Pemasangan pipa endotrakeal (ET) merupakan salah satu tindakan

pengamanan jalan napas terbaik dan paling sesuai sebagai jalur ventilasi mekanik.

Selain digunakan untuk menjaga jalan nafas dan memberikan ventilasi mekanik,

tindakan ini juga dapat menghantarkan agen anestesi inhalasi pada anestesi umum.

Walaupun rutin dilakukan, tindakan ini bukan tanpa risiko dan tidak semua pasien

dengan anestesi umum membutuhkan tindakan ini. Pada umumnya pemasangan

pipa endotrakea (ET) diindikasikan untuk pasien dengan risiko aspirasi dan pada

pasien yang sedang menjalani operasi.(4)

Tonsilitis kronis merupakan peradangan kronik pada tonsil yang biasanya

merupakan kelanjutan dari infeksi akut berulang atau infeksi subklinis dari tonsil.

Pada tonsillitis kronis, ukuran tonsil dapat membesar sedemikian sehingga disebut

tonsillitis kronis hipertrofi. Mengingat dampak yang ditimbulkan maka tonsillitis

kronis hipertrofi yang telah menyebabkan sumbatan jalan napas harus segera

ditindak lanjuti dengan pendekatan operatif tonsilektomi.
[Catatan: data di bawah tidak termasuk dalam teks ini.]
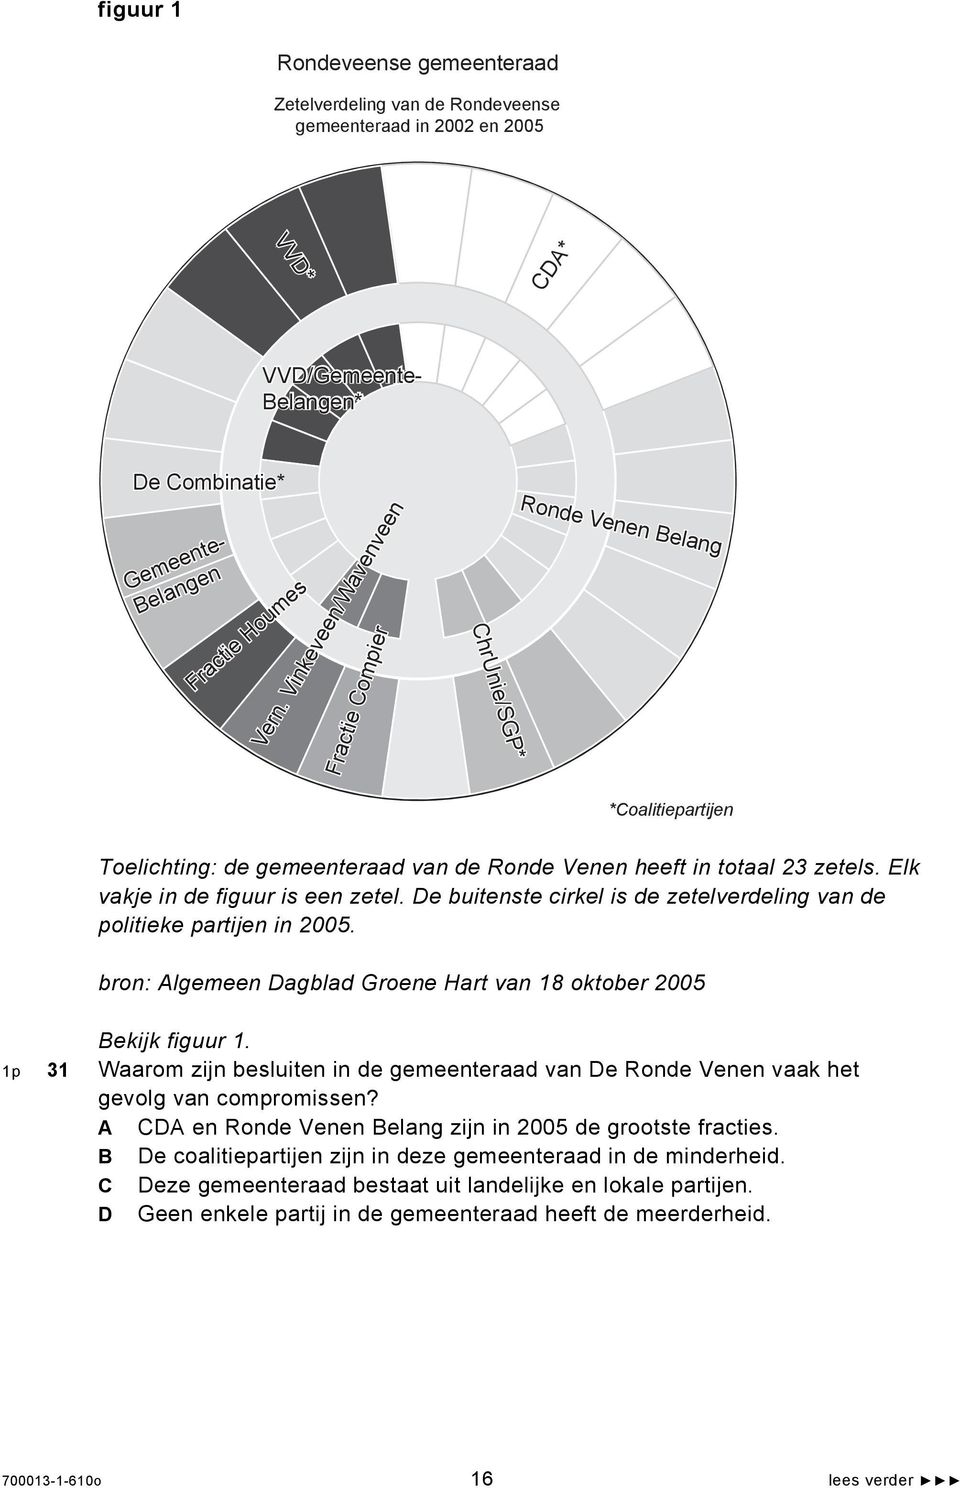 Elk vakje in de figuur is een zetel. De buitenste cirkel is de zetelverdeling van de politieke partijen in 2005. bron: Algemeen Dagblad Groene Hart van 18 oktober 2005 Bekijk figuur 1.
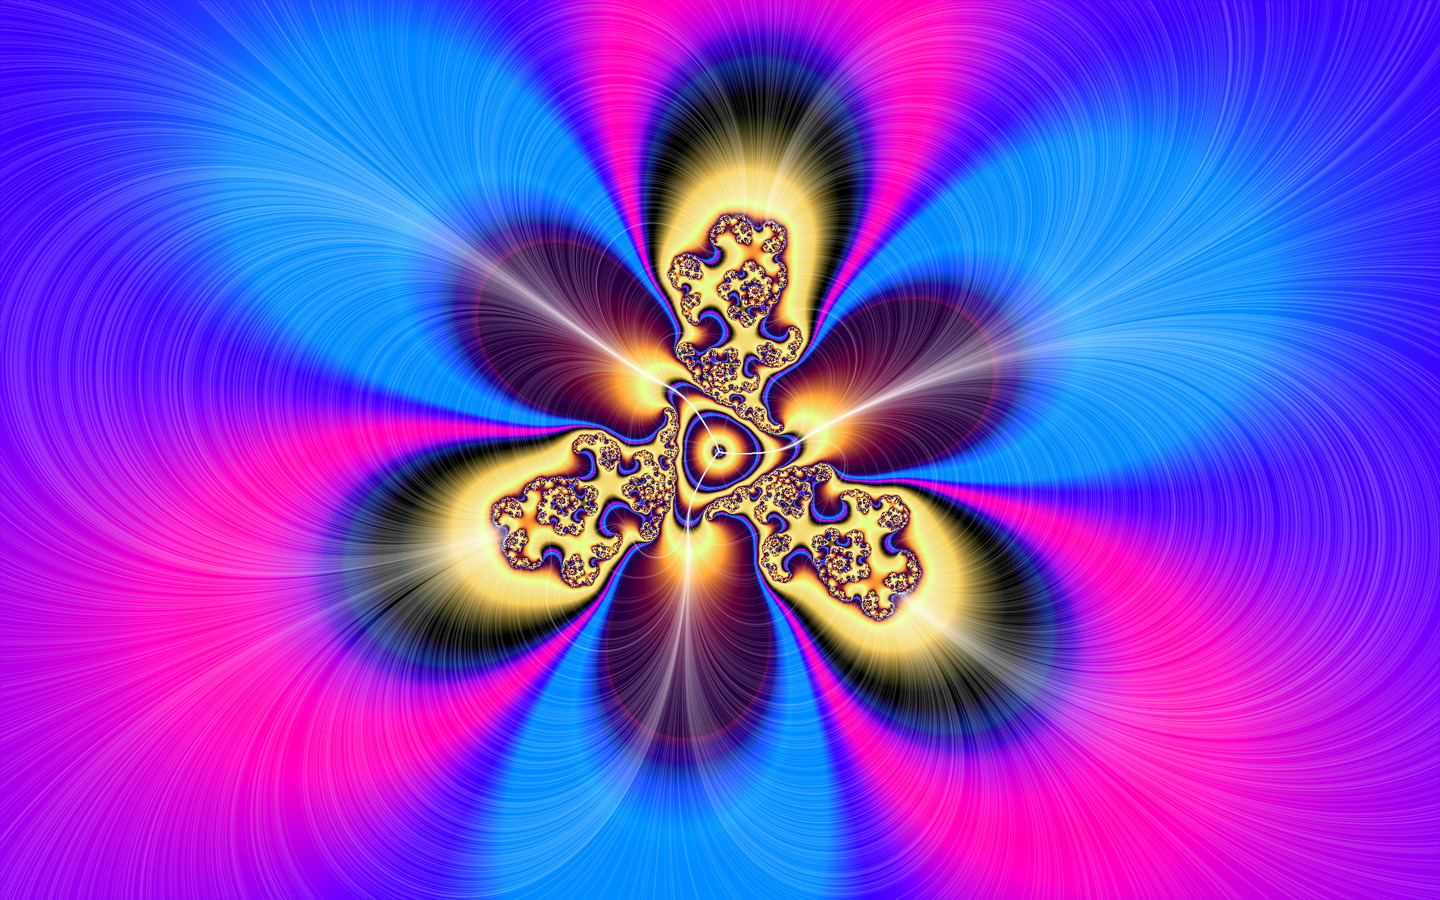 graphic design wallpaper,blue,fractal art,purple,violet,symmetry

Tonsilektomi yang didefinisikan sebagai metode pengangkatan tonsil

berasal dari bahasa latin didefinisikan sebagai tonsilia yang mempunyai arti tiang

tempat menggantungkan sepatu serta dari bahasa   yunani ectomy  yang berarti

eksisi. Beragam teknik tonsilektomi terus berkembang mulai dari dari abad 21

diantaranya diseksi diseksi tumpul eksisi guillotine, diatermi monopolar dan

bipolar, skapel harmonik, diseksi dengan laser dan terakhir diperkenalkan


tonsilektomi dengan coblation. Adapun teknik yang sering dilakukan adalah

diseksi thermal menggunakan elektrocauter .(2,3)


BAB II
IDENTIFIKASI KASUS

A. IDENTITAS PASIEN
Nama : Nn. E
Umur : 16 tahun
Tanggal Lahir : 07 Oktober 2005
Jenis Kelamin : Perempuan
Alamat : Jl. Malaka
Agama : Islam
Pekerjaan :-
Status Pernikahan : Belum Menikah
Tanggal Masuk : 14 Desember 2021
RM : 59 18 98
B. ANAMNESIS (13 Desember 2021)
1. Keluhan Utama : Nyeri Menelan
2. Riwayat penyakit sekarang :
Pasien perempuan usia 16 tahun datang ke Poliklinik THT RSU
Bahteramas tanggal 14 Desember 2021, pasien mengeluh adanya rasa
tidak nyaman ditenggorokan yang dirasakan 2 tahun terakhir, nyeri
menelan sejak 1 minggu terakhir dan demam sejak 6 hari yang lalu.
Kejang (-), Batuk (-), Sesak (-), mual dan muntah (-). BAB dan BAK
dalam batas normal.
Pasien tidak menggunakan kacamata, tidak menggunakan lensa
kontak, tidak menggunkan alat bantu dengar, tidak memiliki gigi palsu,
dan terdapat gigi yang hilang. Riwayat penyakit pasien (-). Riwayat
kebiasaan mengkonsumsi rokok (-), konsumsi alkohol (-), riwayat
mengkonsumsi teh (-) dan olahraga(-) . Riwayat alergi obat, latex, dan
plester di sangkal. Riwayat operasi (-), riwayat transfusi darah (-).
Riwayat keluarga yang mengalami penyakit yang sama (-), Asma (-),
diabetes (-), pingsan (-), stroke (-), asam lambung (-), serangan jantung (-),
hepatitis (-), hipertensi (-), penurunan berat badan dalam 1 tahun terakhir
disangkal.

C. PEMERIKSAAN FISIK
Keadaan Umum
Keadaan Umum Sakit Sedang
Kesadaran Compos mentis
Tanda Vital Tekanan Darah : 120/86 mmHg
Nadi : 114x/menit
Pernapasan : 20x/menit
Suhu : 36,5 oC
Skala Nyeri (VAS) : 3

Status Generalis

Kulit Berwarna sawo matang,


Kepala
Normocephal
Rambut
Berwarna hitam, tidak mudah tercabut.

Mata Konjungtiva anemis(-), sklera ikterik (-), Exopthalmus (-/-),


edema palpebra -/-, Gerakan bola mata dalam batas normal,
Hidung Epitaksis (-) rinorhea (-)
Telinga Otorrhea (-) nyeri tekan mastoid (-)
Mulut Bibir pucat (-) bibir kering (-) perdarahan gusi (-)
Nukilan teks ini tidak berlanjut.